NetBSD Problem Report #58073
From www@netbsd.org Sun Mar 24 11:50:51 2024
Return-Path: <www@netbsd.org>
Received: from mail.netbsd.org (mail.netbsd.org [199.233.217.200])
(using TLSv1.3 with cipher TLS_AES_256_GCM_SHA384 (256/256 bits))
(Client CN "mail.NetBSD.org", Issuer "mail.NetBSD.org CA" (not verified))
by mollari.NetBSD.org (Postfix) with ESMTPS id 3F0401A9239
for <gnats-bugs@gnats.NetBSD.org>; Sun, 24 Mar 2024 11:50:51 +0000 (UTC)

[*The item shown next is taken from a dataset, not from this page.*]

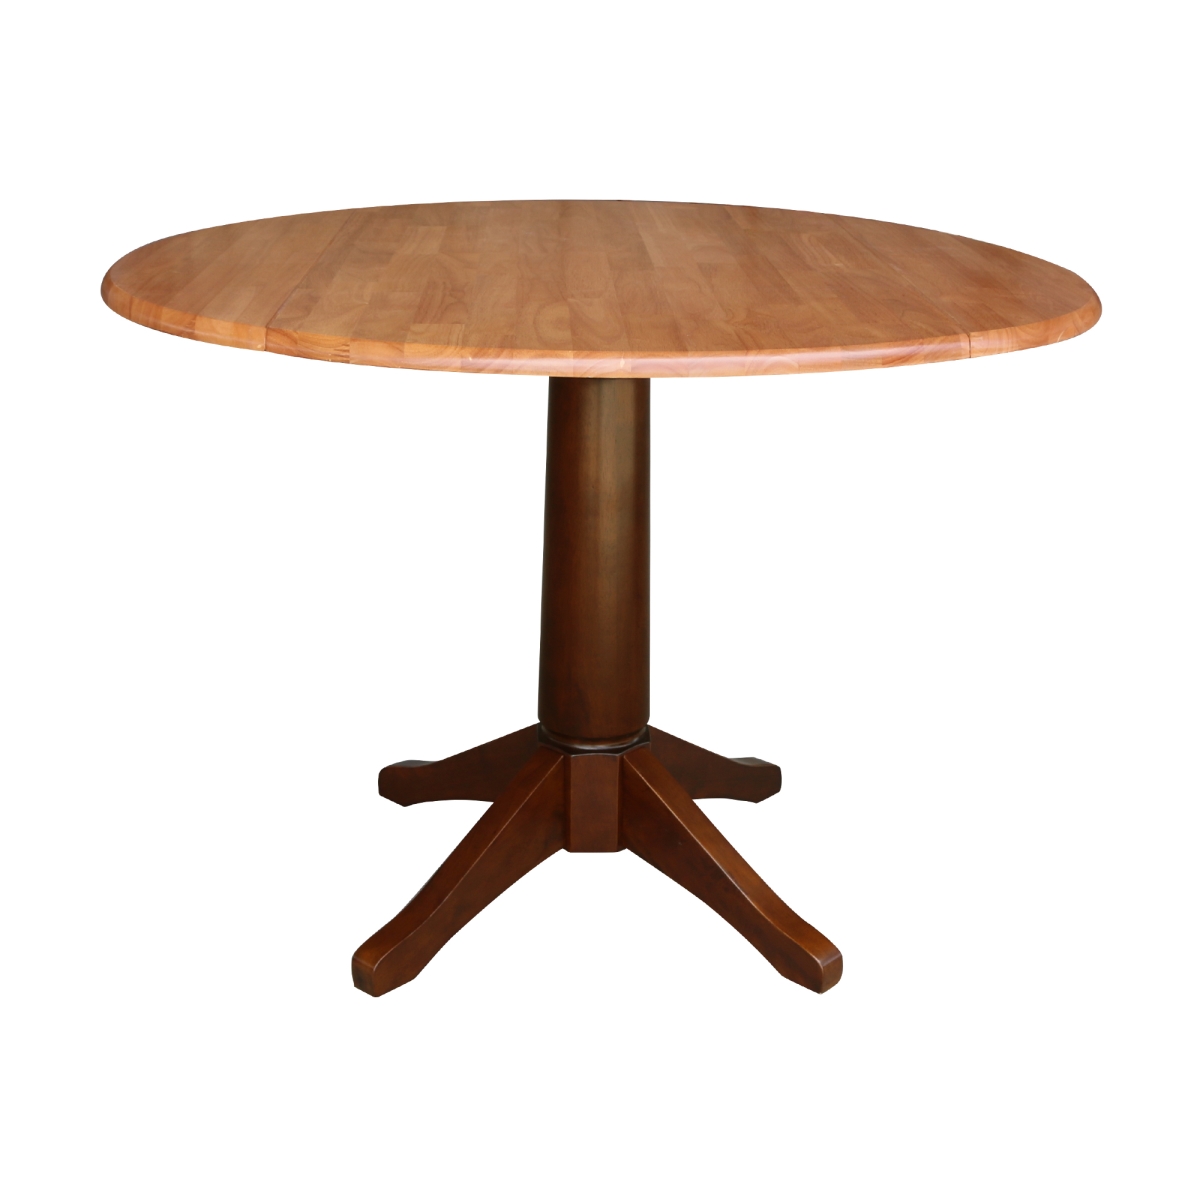 K58-42dpt-27b 42 In. Round Dual Drop Leaf Pedestal Table - 30.3 In. - Cinnemon & Espresso
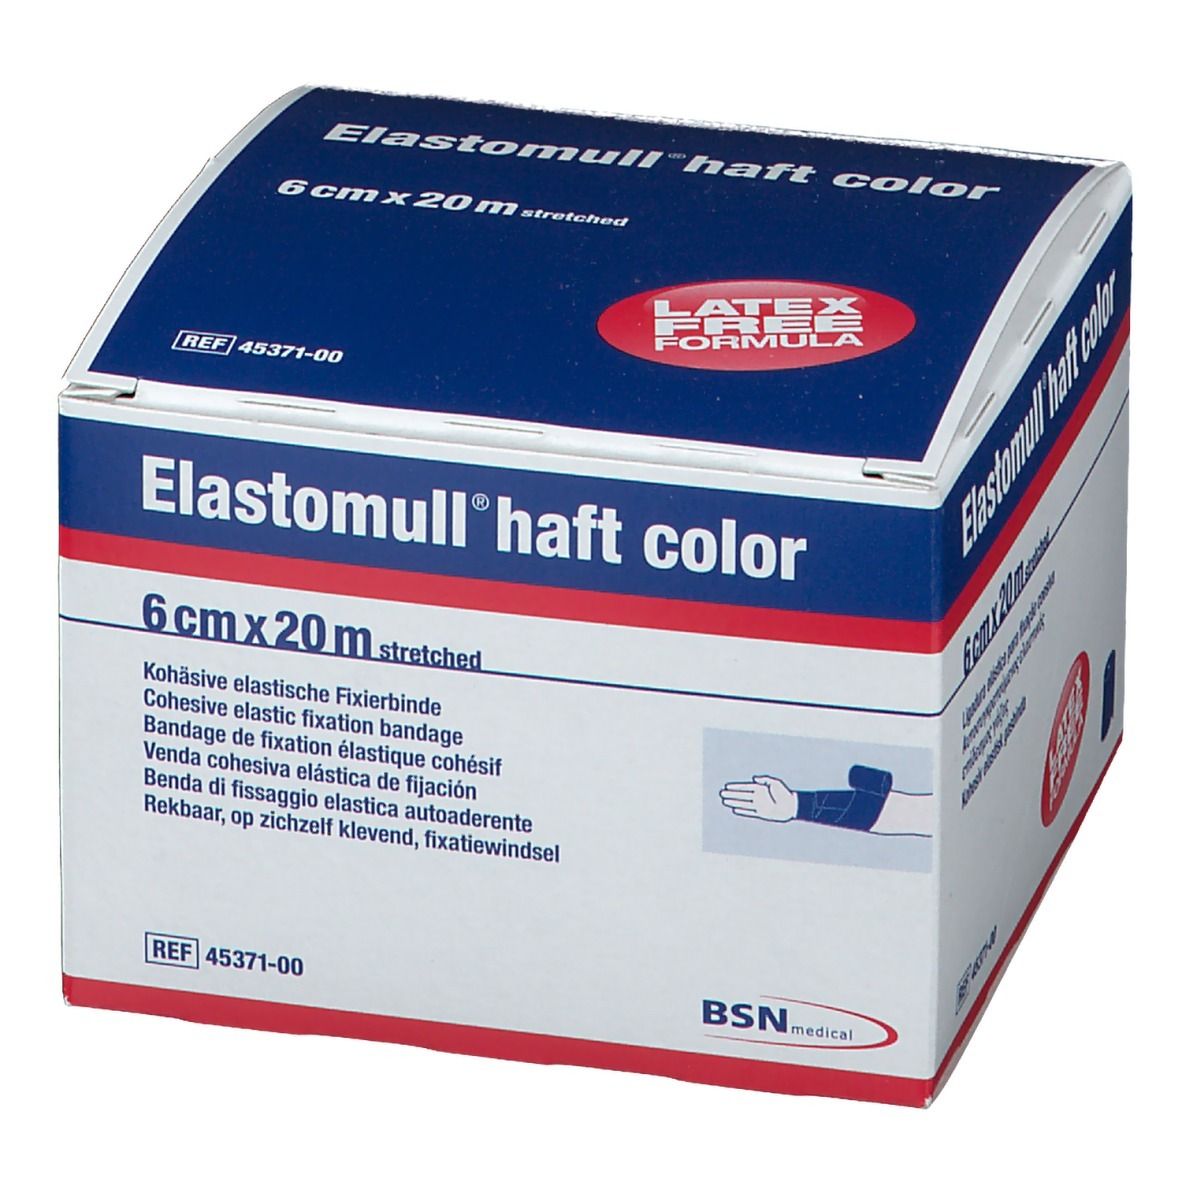 Elastomull® haft color 6 cm x 20 m blau

Message-Id: <20240324115049.1C22F1A923A@mollari.NetBSD.org>
Date: Sun, 24 Mar 2024 11:50:49 +0000 (UTC)
From: jspath55@gmail.com
Reply-To: jspath55@gmail.com
To: gnats-bugs@NetBSD.org
Subject: panic: Trap: Data Abort (EL1): Translation Fault L0 on Pi3 during automated tests
X-Send-Pr-Version: www-1.0
>Number: 58073
>Category: port-evbarm
>Synopsis: panic: Trap: Data Abort (EL1): Translation Fault L0 on Pi3 during automated tests
>Confidential: no
>Severity: serious
>Priority: medium
>Responsible: port-evbarm-maintainer
>State: open
>Class: sw-bug
>Submitter-Id: net
>Arrival-Date: Sun Mar 24 11:55:00 +0000 2024
>Last-Modified: Fri Mar 29 14:20:02 +0000 2024
>Originator: Jim Spath
>Release: 10.0 RC6
>Organization:
>Environment:
NetBSD nb3b.home 10.0_RC6 NetBSD 10.0_RC6 (GENERIC64) #0: Tue Mar 12 10:19:02 UTC 2024 mkrepro@mkrepro.NetBSD.org:/usr/src/sys/arch/evbarm/compile/GENERIC64 evbarm
>Description:
After several uneventuful usr-test runs on a Pi3B, the system panicked and rebooted.
The usr test suite was nearly complete; log portions follow below.
It looks like the last commands run were in the fs/ffs/t_snapshot case snapshotstress.
Automated Test Framework run command:
/usr/bin/atf-run | /usr/bin/tee /log/tests-${nm}-${dt}.log | /usr/bin/atf-report >/log/tests-${nm}-${dt}.txt 2>/log/tests-${nm}-${dt}.err
Log files:
-rw-r--r-- 1 root wheel 413629 Mar 22 08:03 tests-nb3b.home-202403220442.txt
-rw-r--r-- 1 root wheel 10327858 Mar 22 08:03 tests-nb3b.home-202403220442.log
$ tail /log/tests-nb3b.home-202403220442.txt
extattr_simple: [0.297141s] Passed.
[0.600340s]
fs/ffs/t_fifos (756/935): 1 test cases
fifos: [0.281438s] Passed.
[0.292858s]
fs/ffs/t_snapshot (757/935): 2 test cases
snapshot: [1.241567s] Passed.
snapshotstress:
$ tail /log/tests-nb3b.home-202403220442.log
tc-so:super-block backups (for fsck_ffs -b #) at:
tc-so:32, 2536, 5040, 7544,
tc-so:[ 1.0000000] entropy: ready
tc-so:[ 2.0100050] /dev/fss0: file system not clean (fs_clean=0); please fsck(8)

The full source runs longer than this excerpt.